§ Work task
Within the records that follow, restate exactly the lines from the line with "Blue Standard Fit Jeans" down to the line with "S. Kashi Negative Space Style Diamond Ring 6", including both. Omit the pictures.

§ Supplied material
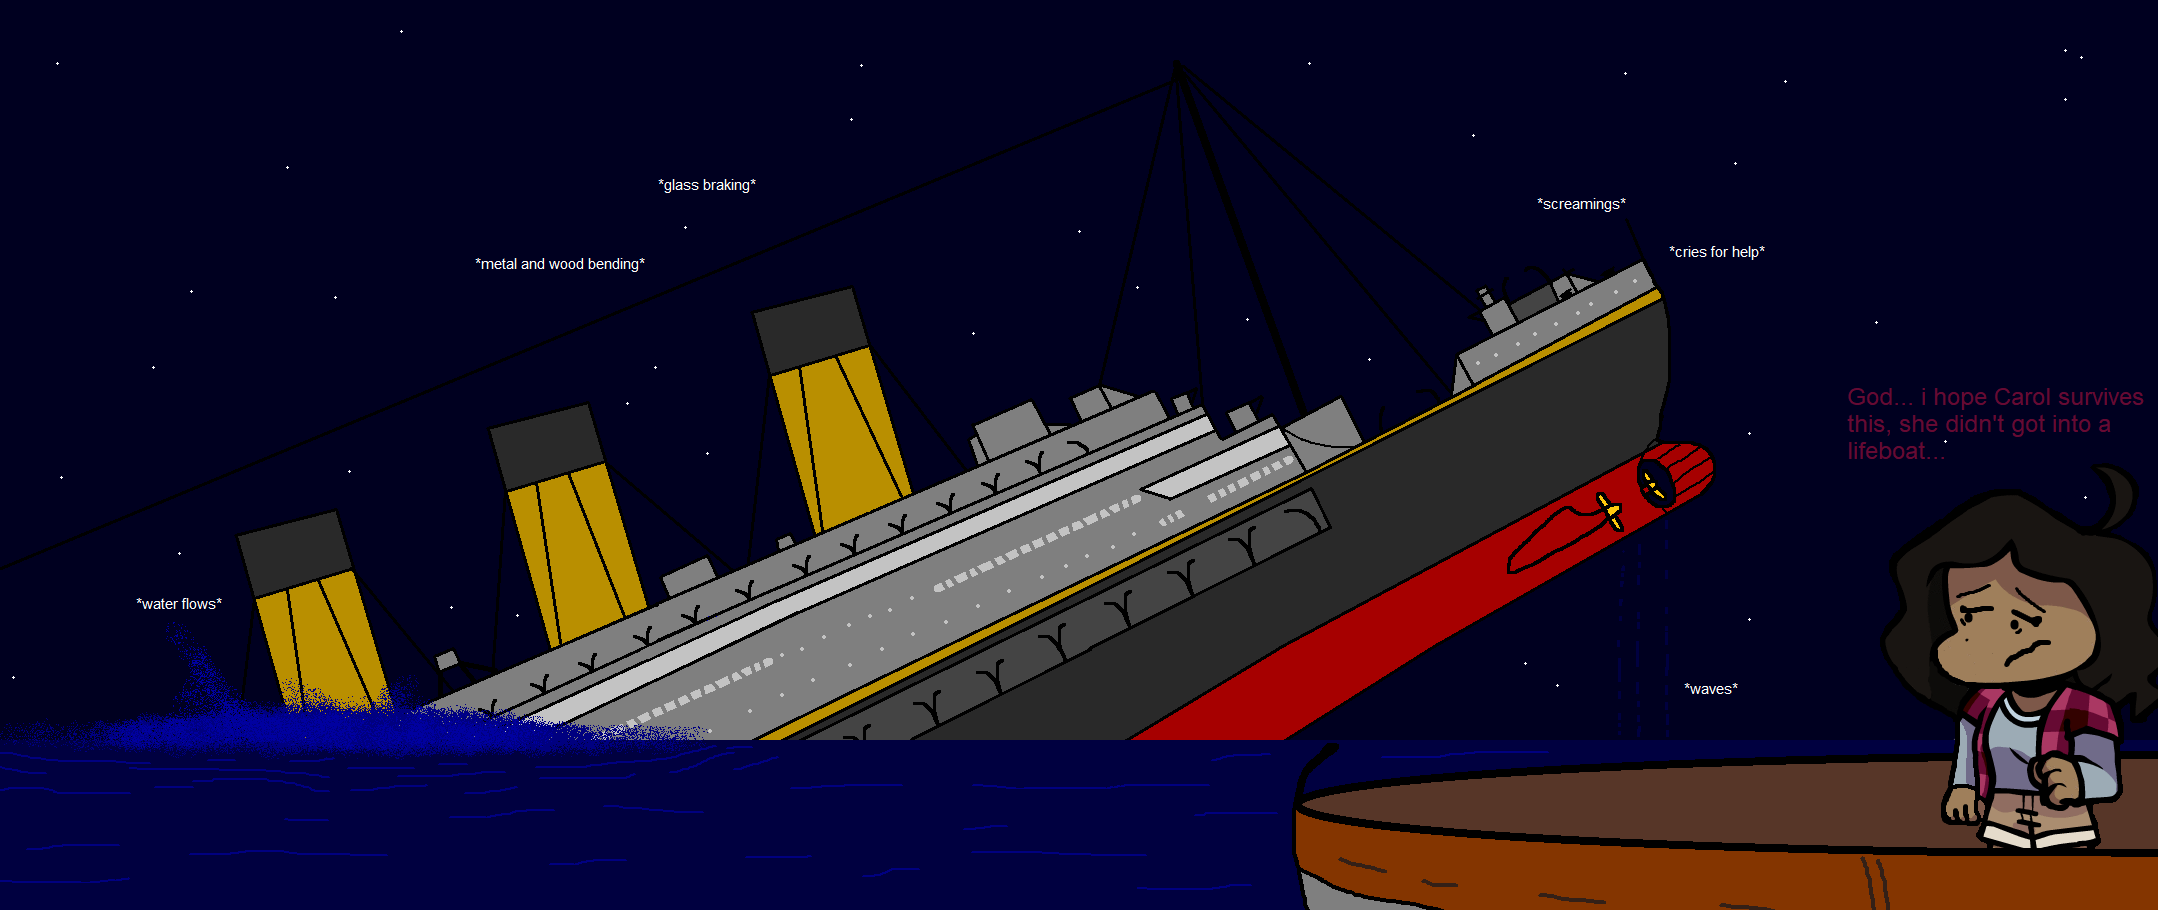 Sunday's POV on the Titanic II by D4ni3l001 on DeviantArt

==

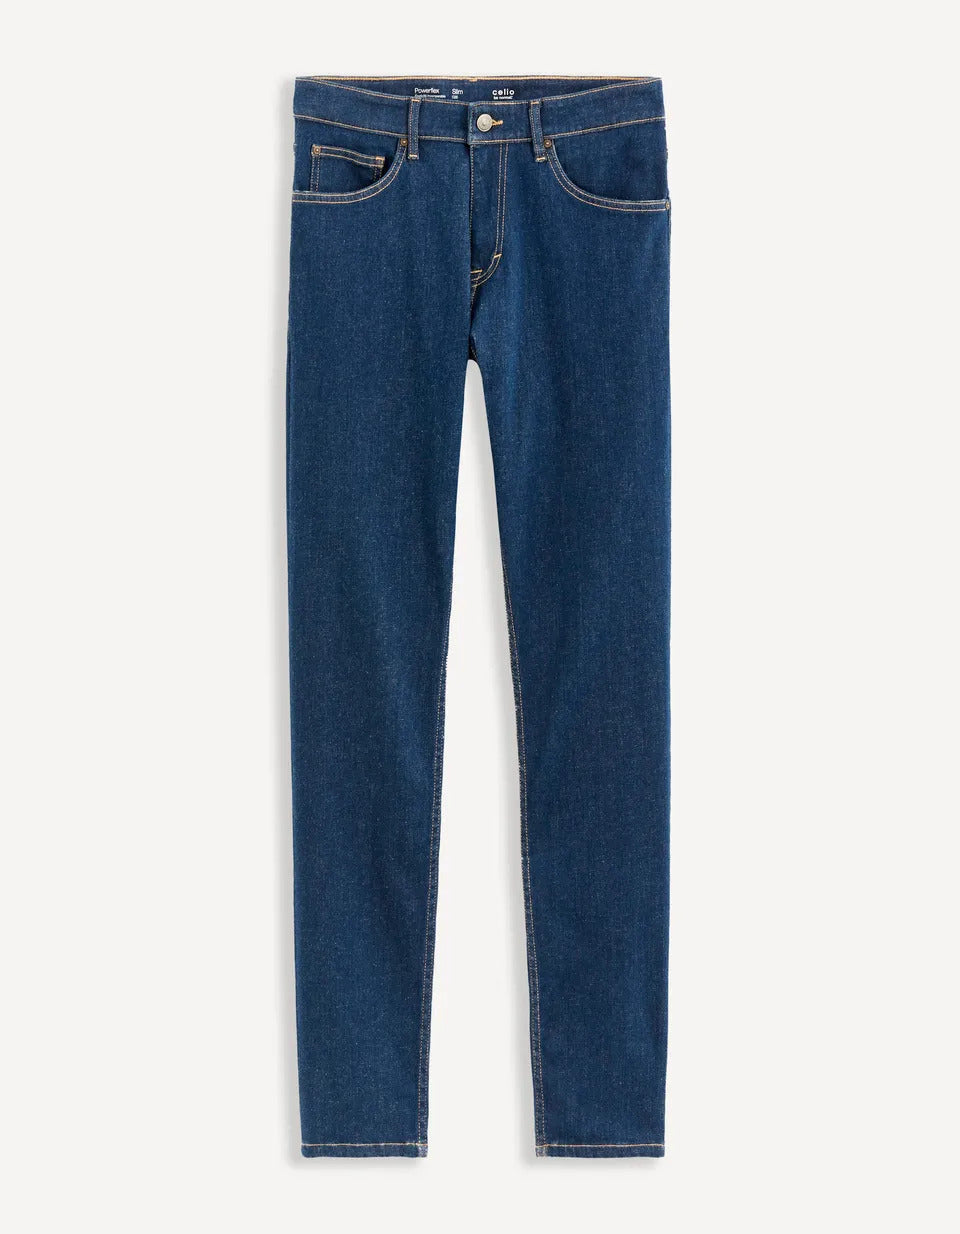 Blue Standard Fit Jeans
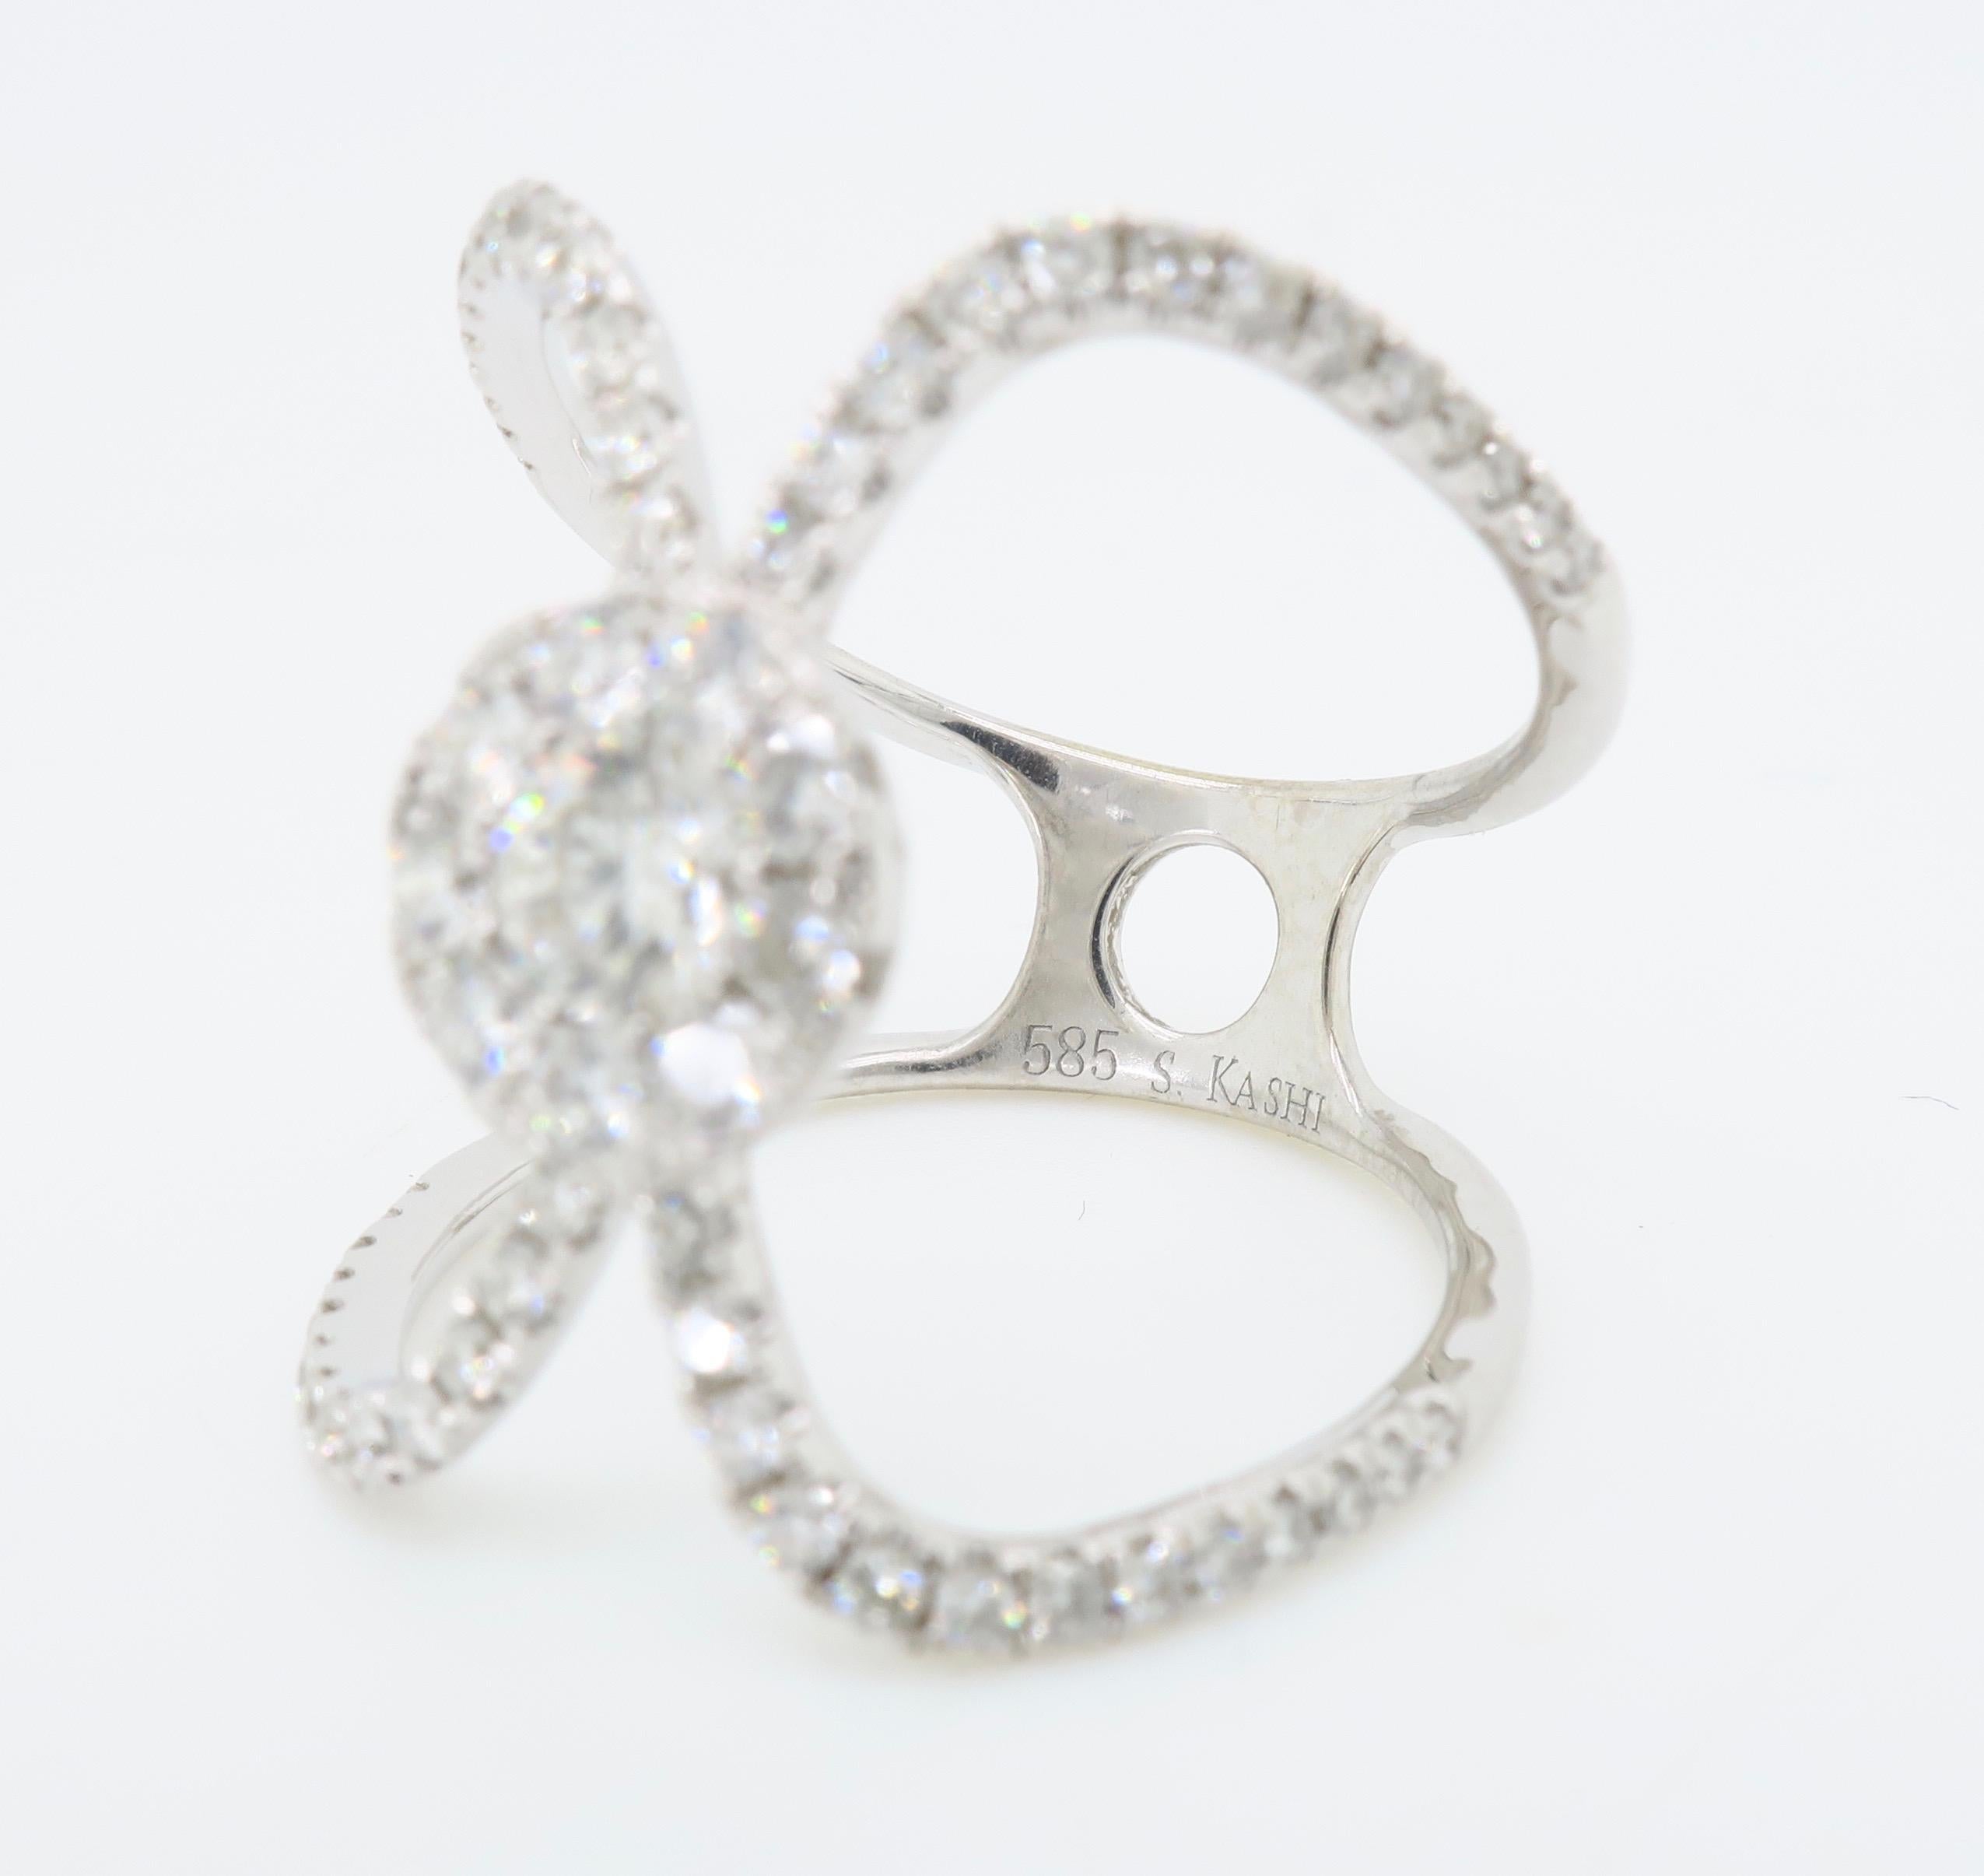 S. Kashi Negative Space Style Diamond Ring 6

* * *

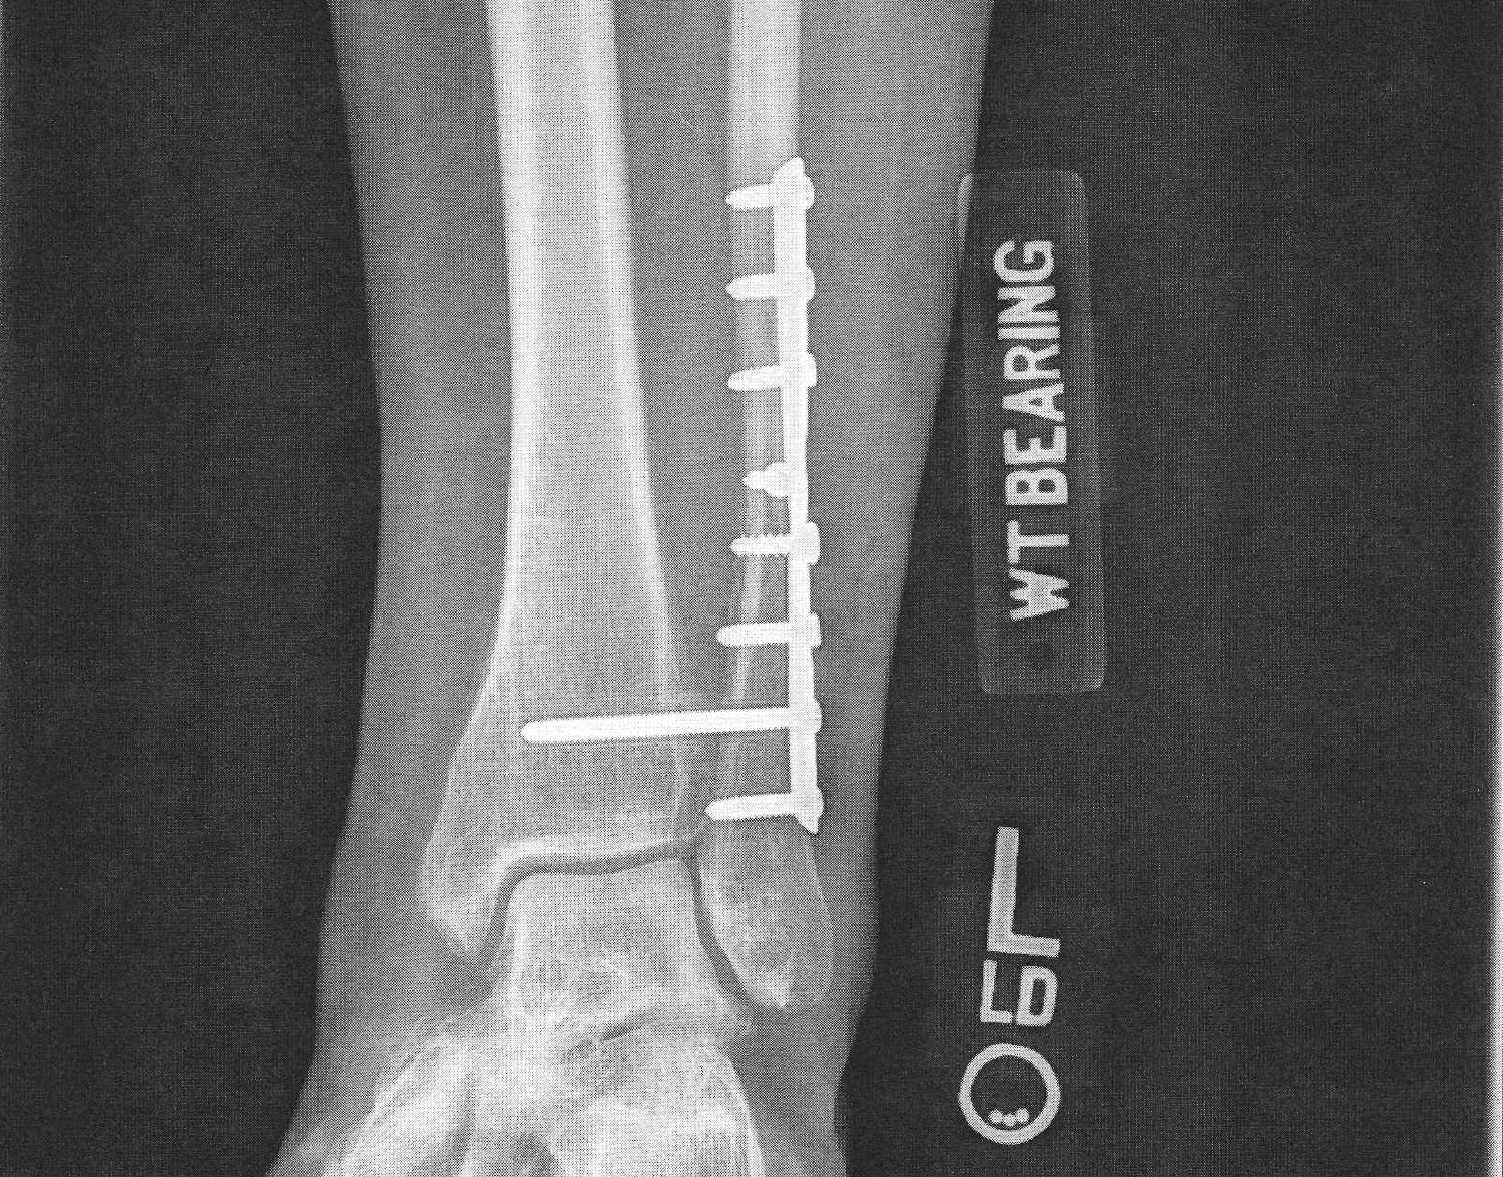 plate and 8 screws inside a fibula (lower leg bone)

§ Result of this task
 Blue Standard Fit Jeans
 S. Kashi Negative Space Style Diamond Ring 6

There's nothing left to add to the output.